In this example, records from the DSP pipeline are stored in Amazon S3 as JSON files. The files all use the static prefix "my_prefix", and they are created based on the custom rollover policy specified in the size_mb and rollover_secs parameters. Additionally, the files are compressed using the Gzip codec.

...| into s3("my-amazon-s3-connection", "my_bucket", "my_prefix", 1024, 120, "json", 90, "", "", "gzip"); 

You can omit optional arguments only if you don't specify any other arguments that must be listed after them. This example includes empty quotation marks ( "" ) as placeholders for algorithm and key_id because compression is listed after it.
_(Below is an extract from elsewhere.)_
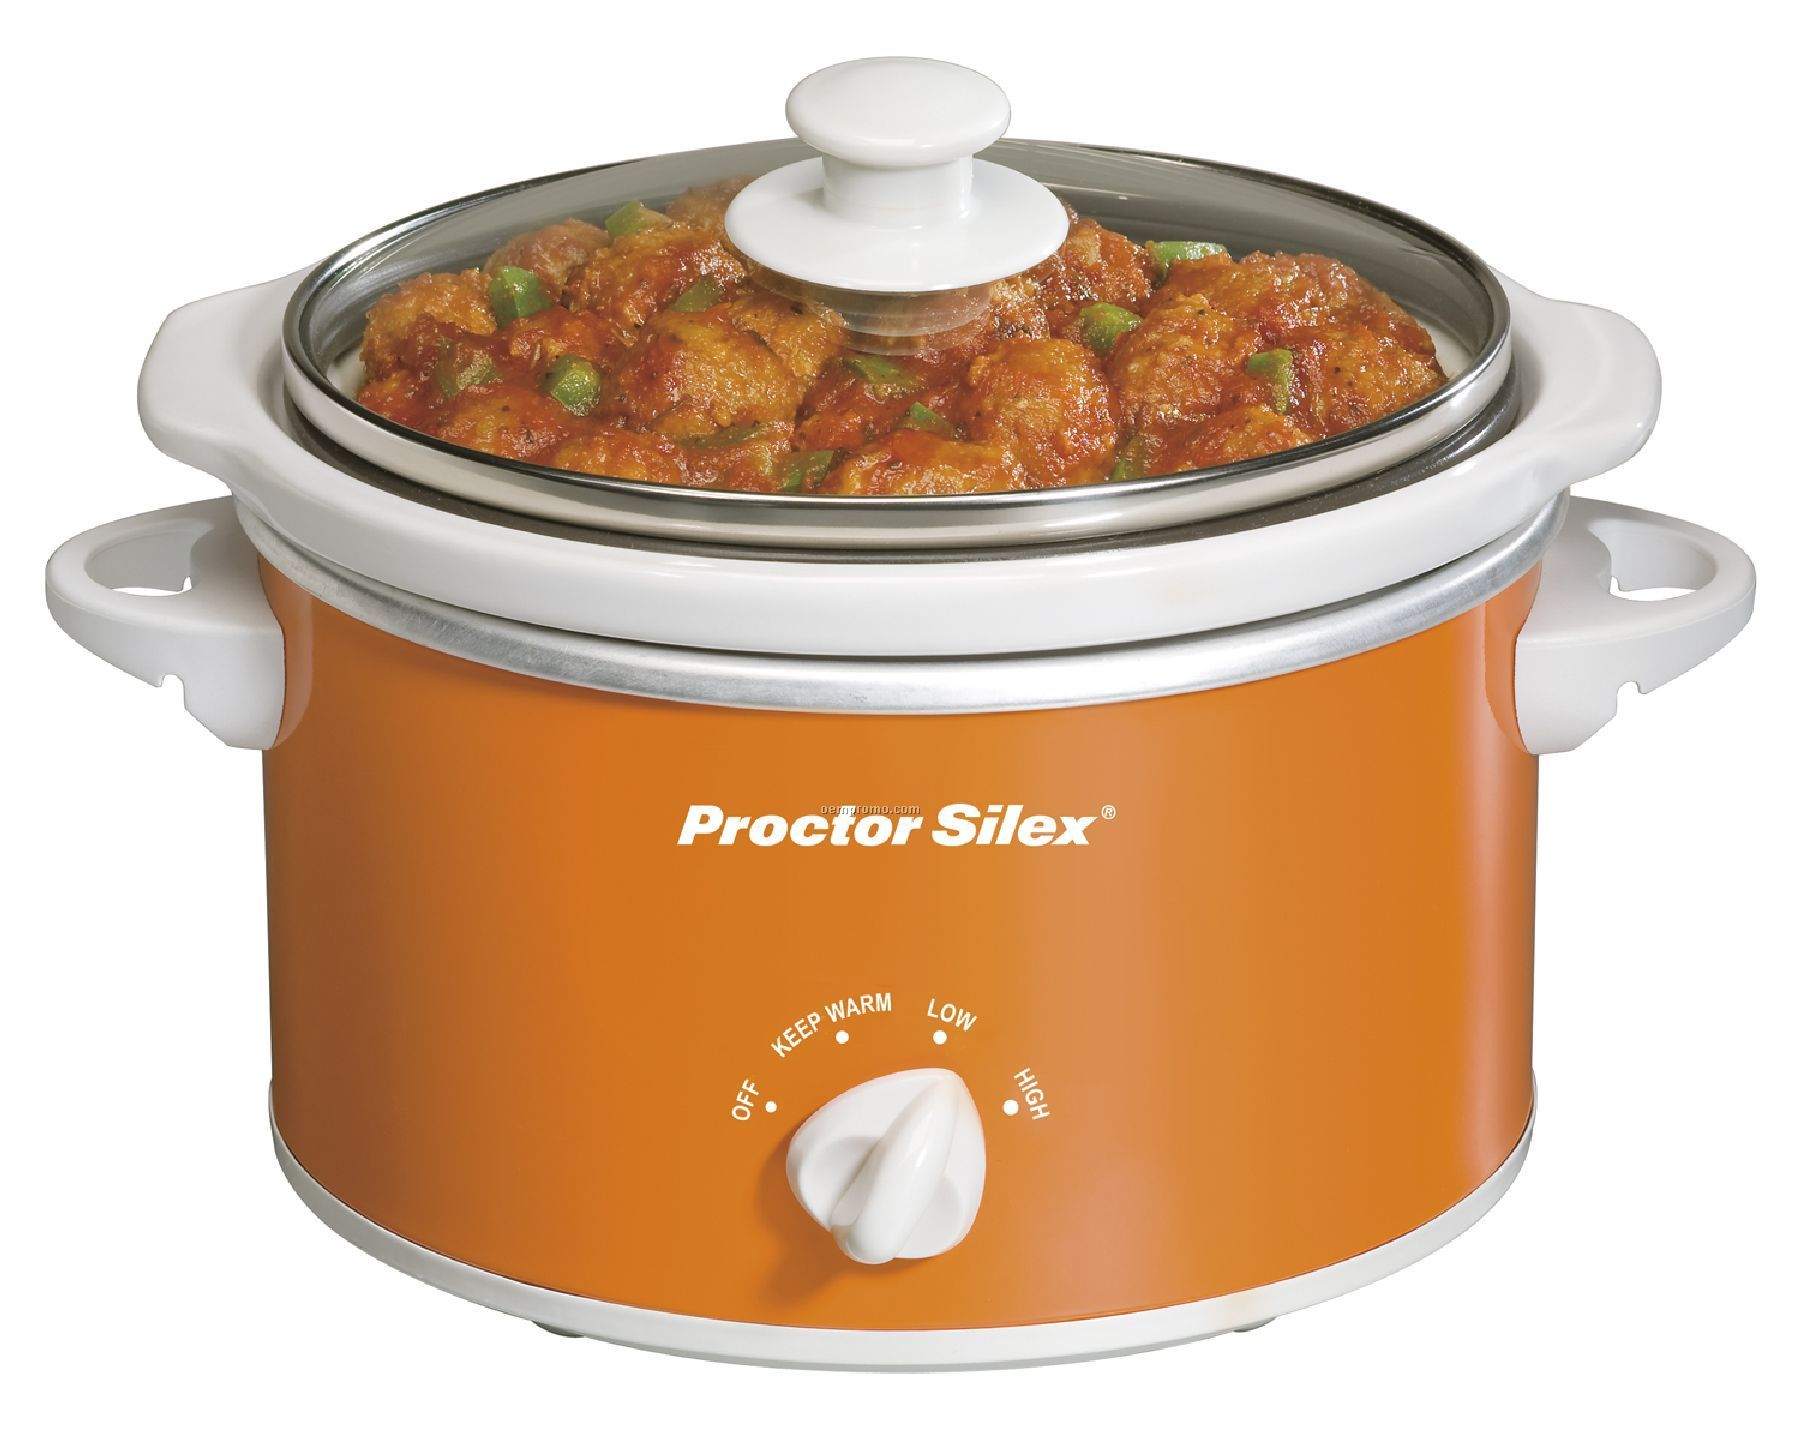 Proctor Silex - Slow Cookers - 1.5 Qt Ovl Ltch Strp/Gsk-orange

Alternatively, you can use named arguments to declare the arguments in any order and omit any optional arguments you don't want to declare. All unprovided arguments use their default values. The following example omits algorithm and key_id:

...| into s3(connection_id: "my-amazon-s3-connection", format: "json", prefix: "my_prefix", bucket: "my_bucket", size_mb: 1024, rollover_secs: 120, compression: "gzip");

If you want to use a mix of unnamed and named arguments in your functions, you need to list all unnamed arguments in the correct order before providing the named arguments.

2. Store data as Parquet files

In this next example, records from the DSP pipeline are stored in Amazon S3 as Parquet files. Date-time substitution is used to generate the prefixes for the files, and the file contents are split into row groups that are no larger than 256 MB. Additionally, the files are encrypted using the SSE-S3 algorithm and compressed using the Snappy codec. Any records that contain fields with more than 3 levels of nesting are dropped from the pipeline and not written to Amazon S3.
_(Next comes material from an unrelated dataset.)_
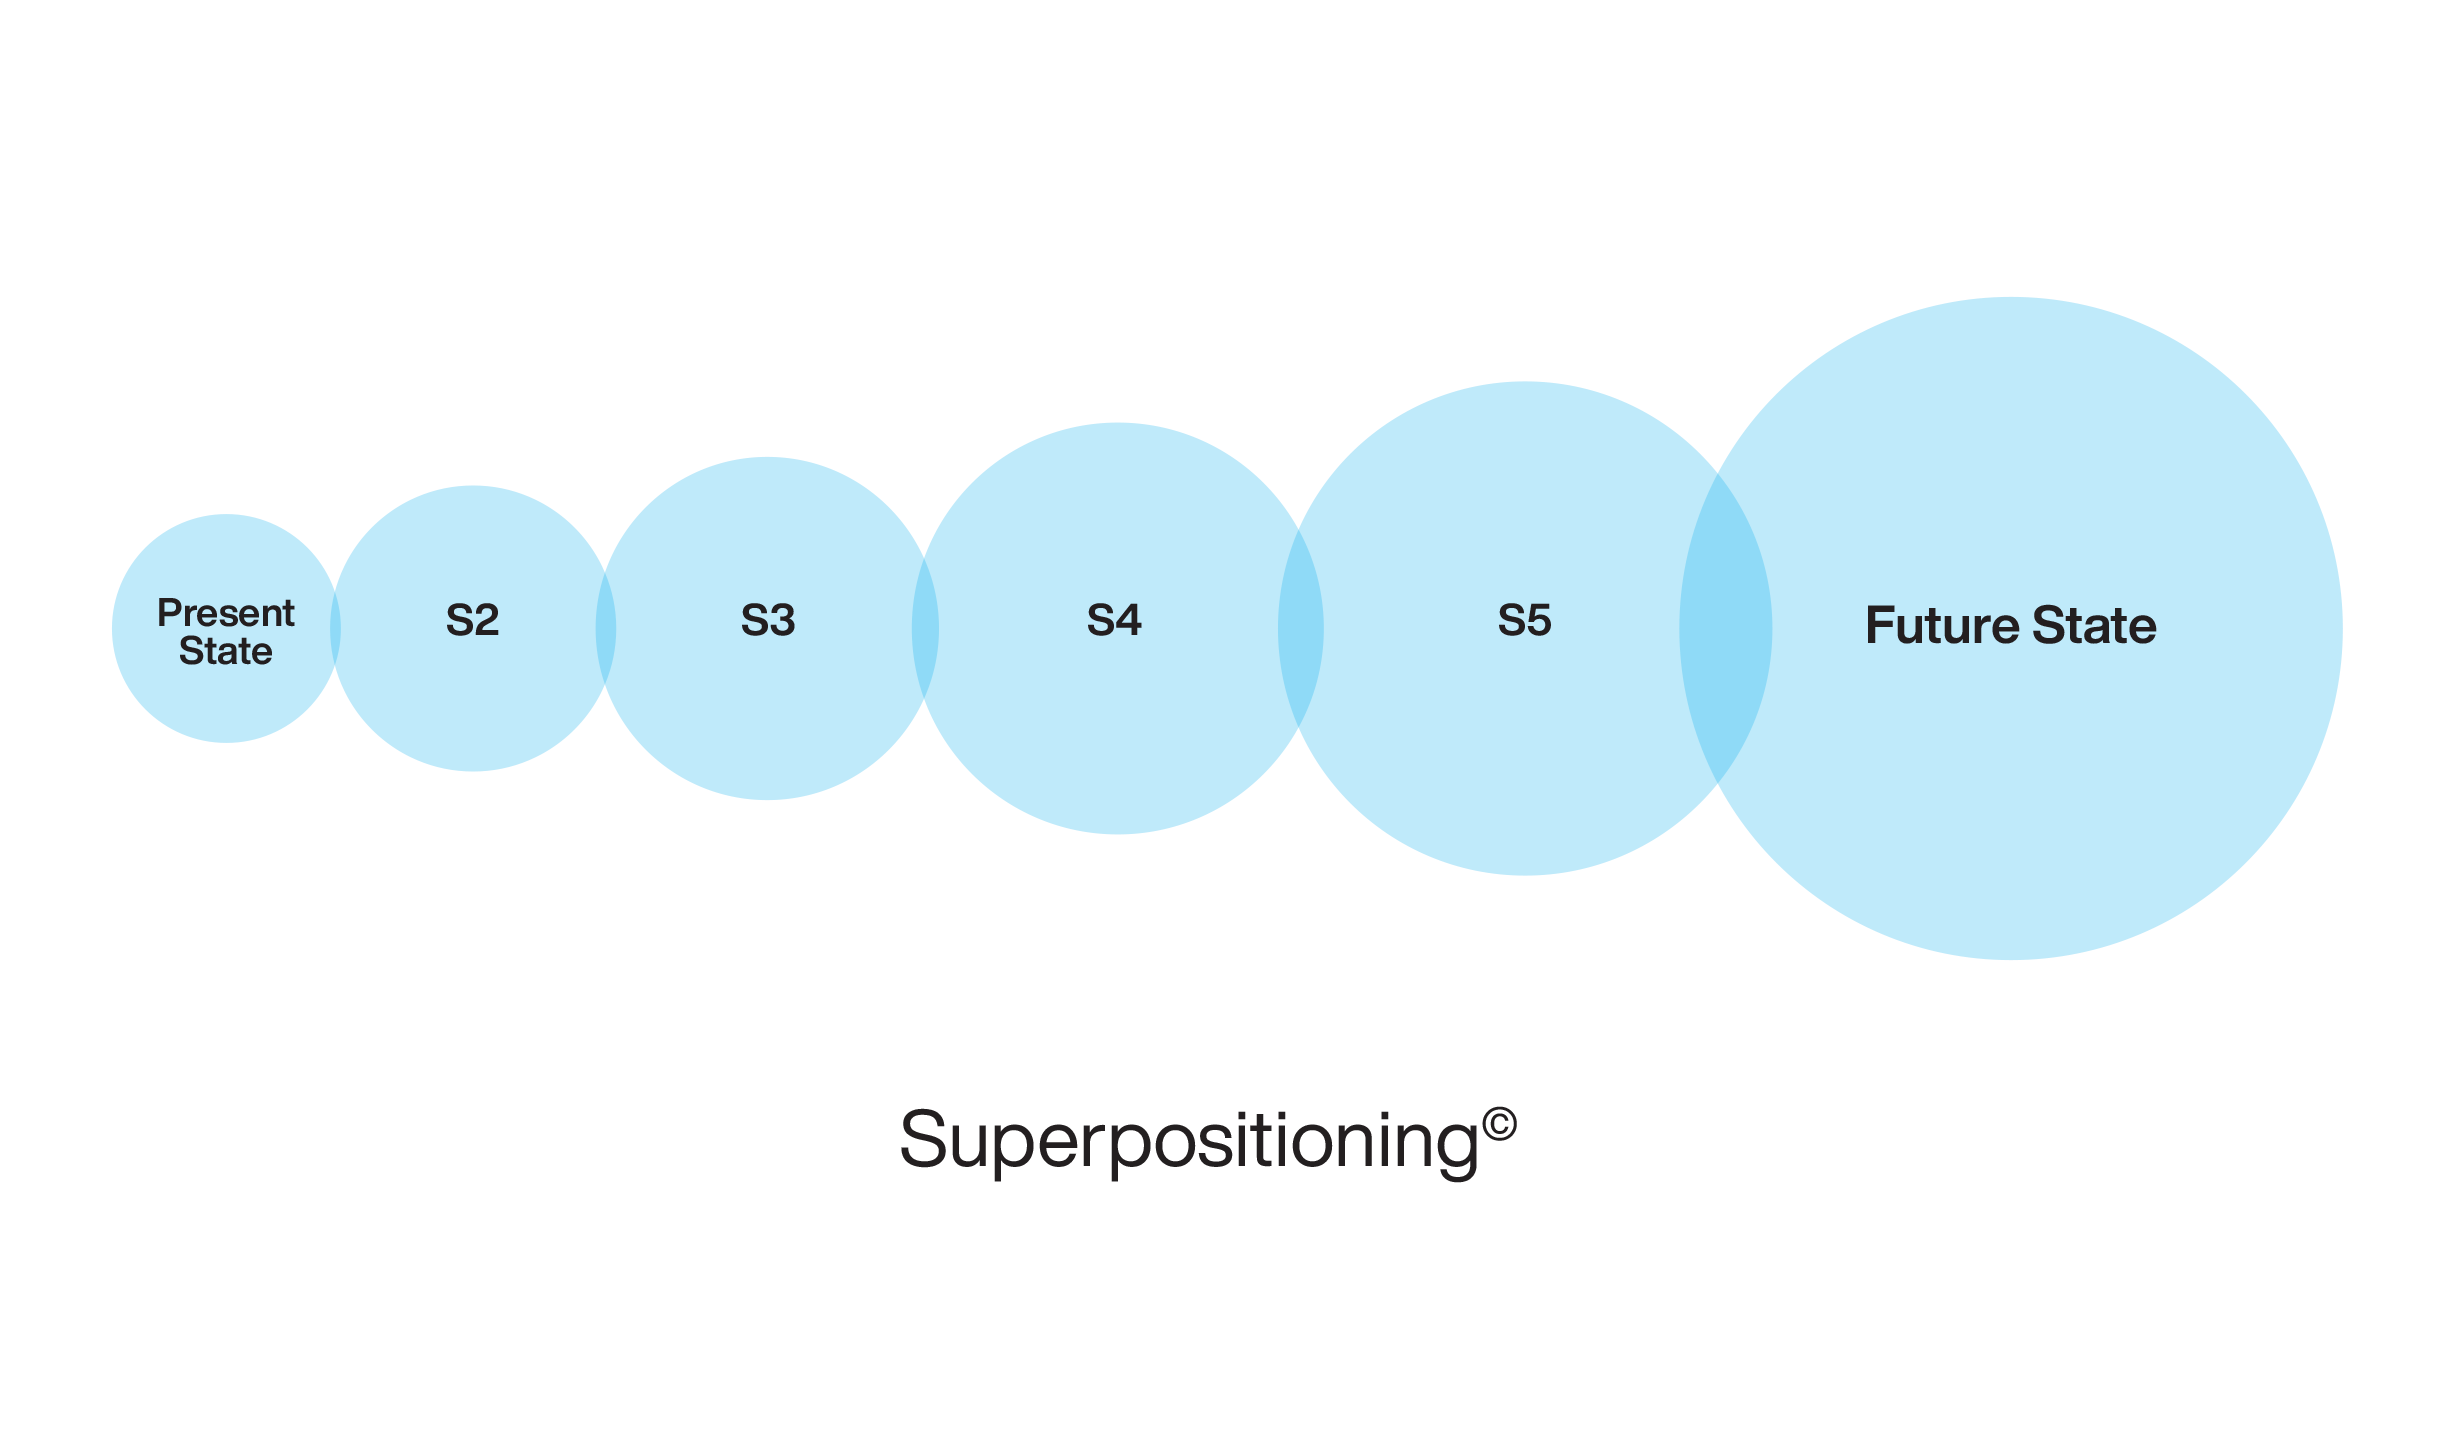 Superpositioning

...| into s3("my-amazon-s3-connection", "my_bucket", "#{datetime:yyyy-MM-dd}", 0, 0, "parquet", 0, "AES-256", "", "snappy", 256, true);

In this example, 0 and empty quotation marks ( "" ) are placeholder values. You must include them in the SPL2 expression because size_mb and rollover_secs are required parameters even though they aren't applicable to Parquet format, and you can only omit optional parameters such as inactivity_secs and key_id if you do not specify any other parameters that must be listed after them.

Alternatively, you can use named arguments in any order and omit any optional arguments you don't want to declare. All unprovided arguments use their default values. The following example only declares the optional arguments algorithm and compression:

...| into s3(format: "parquet", size_mb: 0, rollover_secs: 0, connection_id: "my-amazon-s3-connection", prefix: "#{datetime:yyyy-MM-dd}", bucket: "my_bucket", algorithm: "AES-256", compression: "snappy");

If you want to use a mix of unnamed and named arguments in your functions, you need to list all unnamed arguments in the correct order before providing the named arguments.

Prefix parameter substitutions

The prefix parameter supports two types of substitution: event field and date-time substitutions. When JSON format is used, both types of substitutions are supported and can be used at the same time. When Parquet format is used, only date-time substitution is supported.

If you are using dynamic parameter substitution and concurrently writing to a large number of S3 buckets, checkpointing may block the processing of your pipelines. If this is happening, contact Splunk support for help with performance tuning your S3 sink.

Event field substitution

When using JSON format, you can use dot-delimited notation in a #{ } pattern to use the actual value of a field in the event as part of the prefix. For example, if you have the following event, then the parameter substitution notation #{attributes.account_id} sets the prefix to my_account and #{body.metadata.name} sets the prefix to my_metadata_name.

{
  "body": {
    "metadata": {
      "name": "my_metadata_name"
    }
  },
  "attributes": {
    "account_id": "my_account"
  }
}

If you define the prefix with a field that does not exist in the event, then the substitution value will be set to unknown. Any leading or trailing whitespaces inside #{ } are trimmed before substitution. An empty event field substitution pattern, such as #{}, is not allowed.

Do not use fields with a large number of unique values in the prefix substitution pattern. For example, the substitution pattern #{fieldname} where fieldname is a field that is substituted with an event ID or a timestamp will generate a large number of prefixes and may cause unpredictable results.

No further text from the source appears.